* _Problem requirements_
The entries below hold a line with "Cray Y-MP8/864 superordinateur, LLNL, années" and a line with "太阳系科普书，包括星体介绍，发现故事等，值得一读。". Return those lines and all that lie between them, exactly and only.

* _Raw data_
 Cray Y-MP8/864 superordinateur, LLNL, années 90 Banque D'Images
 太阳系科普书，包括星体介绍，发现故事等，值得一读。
...
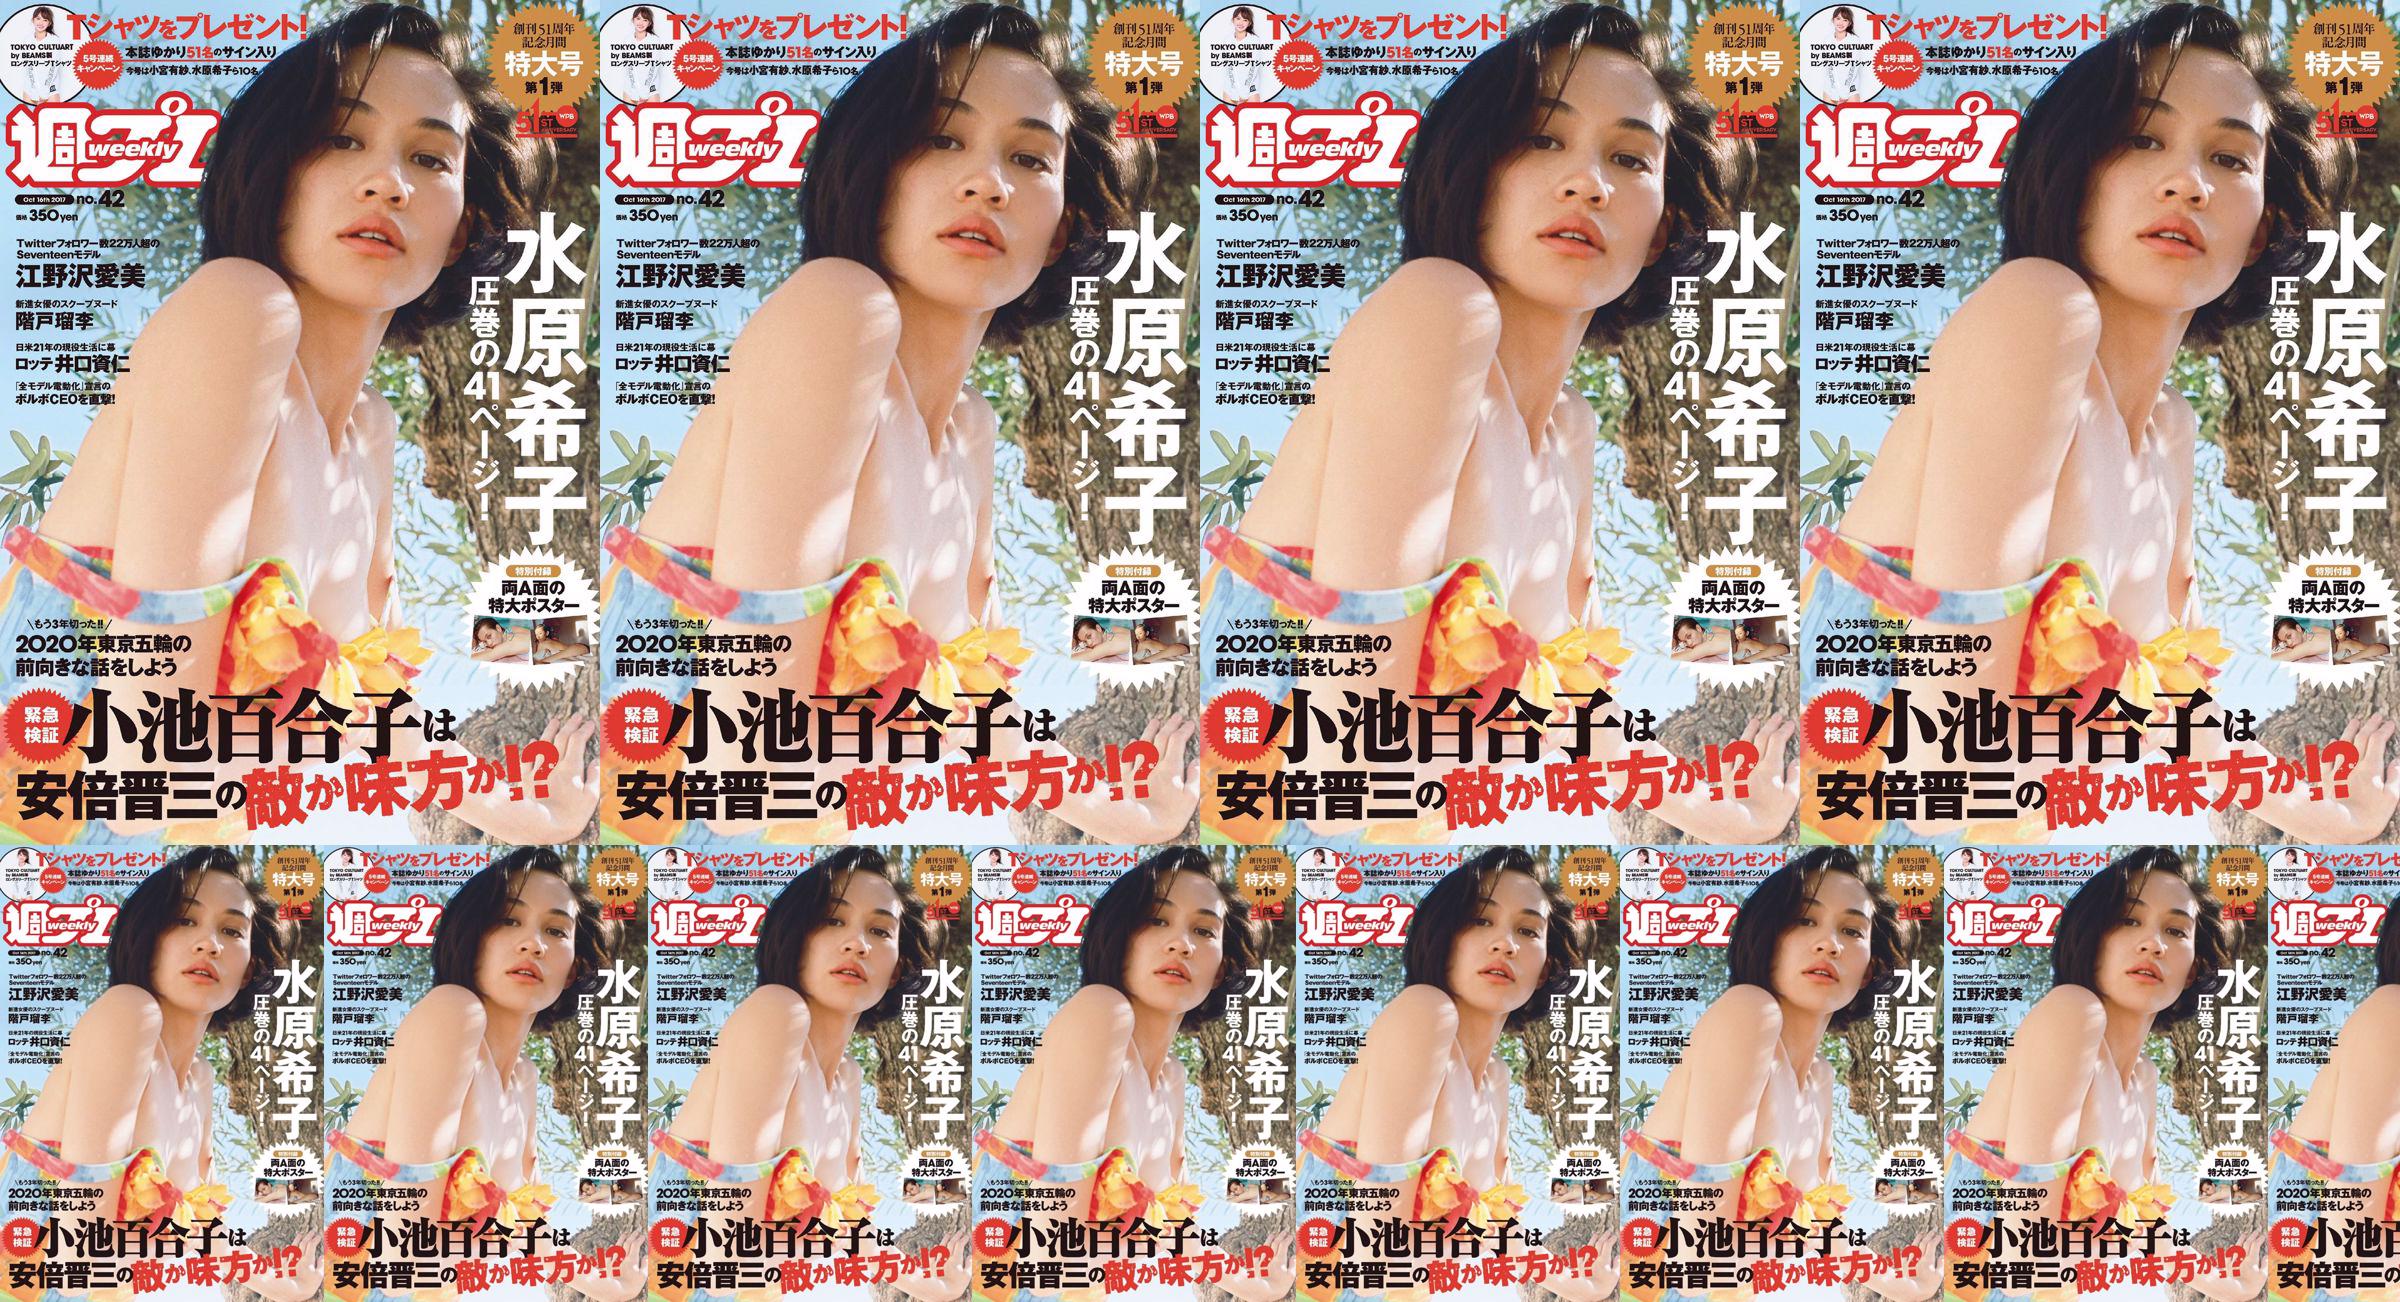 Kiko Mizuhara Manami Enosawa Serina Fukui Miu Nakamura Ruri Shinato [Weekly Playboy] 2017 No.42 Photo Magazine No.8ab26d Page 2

* _Task output_
 Cray Y-MP8/864 superordinateur, LLNL, années 90 Banque D'Images
 太阳系科普书，包括星体介绍，发现故事等，值得一读。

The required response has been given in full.